An eye-catching NAB demo of an 8K workflow was shown on the Quantel booth where a 65mm IMAX sequence scanned to 8192 x 6144 was played back and rescaled to 4K in realtime over the Pablo Rio finishing platform. Powered by Nvidia Maximus GPUs the system was capable of nine layers of 4K grading without rendering.

4K output was enabled by a AJA Corvid Ultra (pictured) card and the whole workstation represented the first time Quantel has offered a software-only solution.

“It was just fun to show how a desktop PC could play back 8K off the disk,” said Owen. “It was pulling 100GBps off the drives in real time, playing it, manipulating it, adding LUTs and then sizing it down to a 4K proxy display on the screen in real time.”

This was all a handy showcase of course for Quantel’s ability to post produce at the ‘lower’ resolution 4K 60fps on the $30,000 software Pablo Rio running off standard PC hardware.

V2.0 rev3 of Pablo supported by Nvidia Keplar K20 GPUs in Quantel’s turnkey systems offers, it claimed, another 50% more processing power. It also offers realtime playback of Sony F65 files in QuickTime ProRes.

“4K has now moved out of the upper stratosphere and has become a practical technology that can be applied throughout our industry,” said Owen. “4K changes the game and we all have to relearn how to do things. Not only is 4K about a lot more picture information, at the same time you can capture more of the dynamic range. From traditional 10-bit we are moving to 16 bit.”

LA post house Light Iron post produced two 4K projects on Pablo including David Fincher’s Red Epic shoot for The Girl with the Dragon Tattoo and the slow motion and timelapse photography of Tom Lowe’s Timescapes shot on Epics and a Canon Mark III DSLR and graded in 16-bit colour.

“This [data] creates new challenges. It’s all very well to talk about 4K 60fps but it is not an insignificant challenge to deal with that amount of data.”

The typical data rate of traditional film 4K is 10Gbps, which translates to 3-4TB an hour of storage, he said. “That’s already a reasonable chunk.

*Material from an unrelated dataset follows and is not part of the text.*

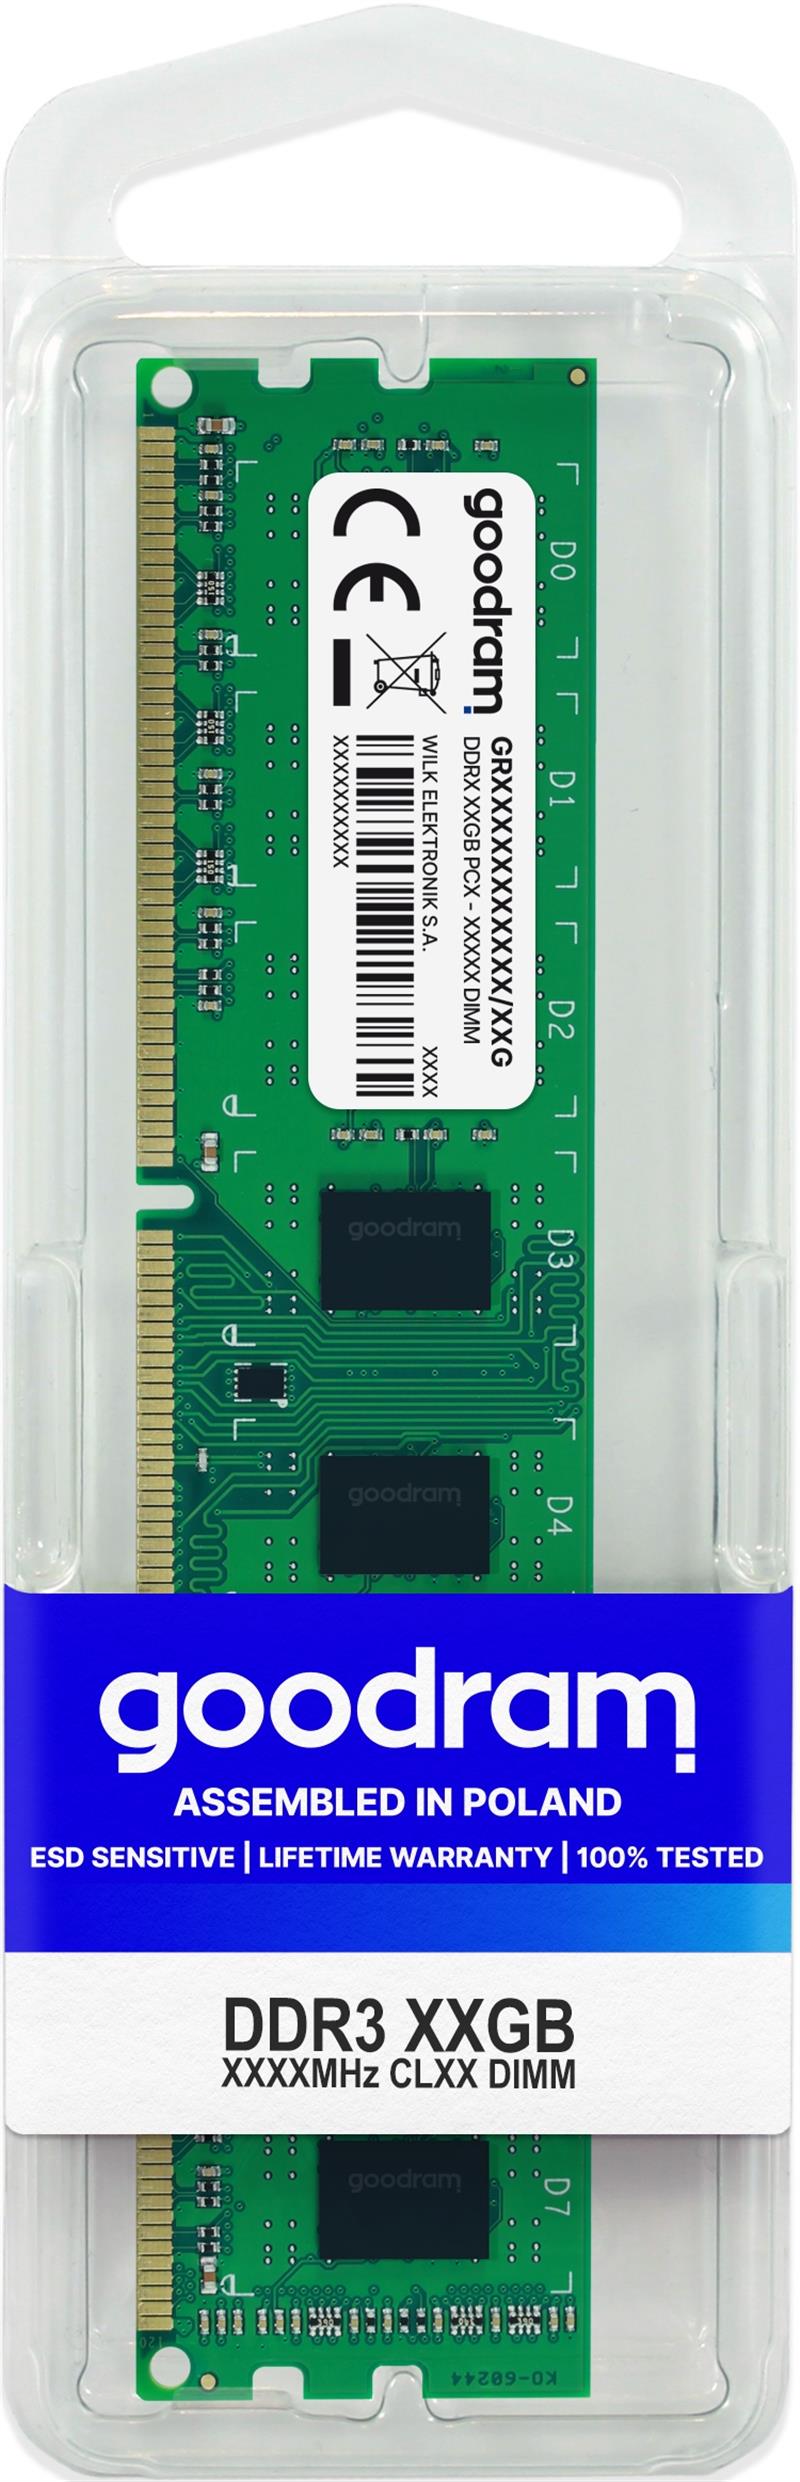 Goodram GR1600D364L11/4G geheugenmodule 4 GB 1 x 4 GB DDR3 1600 MHz

If you push that into high frame rates you are increasing the data rate 2.5x, which equates to 25GBps or 10TB an hour.

“It is a big challenge to streamline workflows that can handle that amount of information, but the technology is becoming available. Certainly 4K 60fps is a challenge, but it is practical, and nor do you have to spend hundreds of thousands of dollars on it,” he added.

“4K is here to stay. If people are shooting content today they are probably shooting it on 4K-capable cameras so in post you have a future-proofed asset. We are now seeing the potential for 4K to make a better quality HD experience for documentaries or drama or live sports – and this is just the tip of the iceberg.”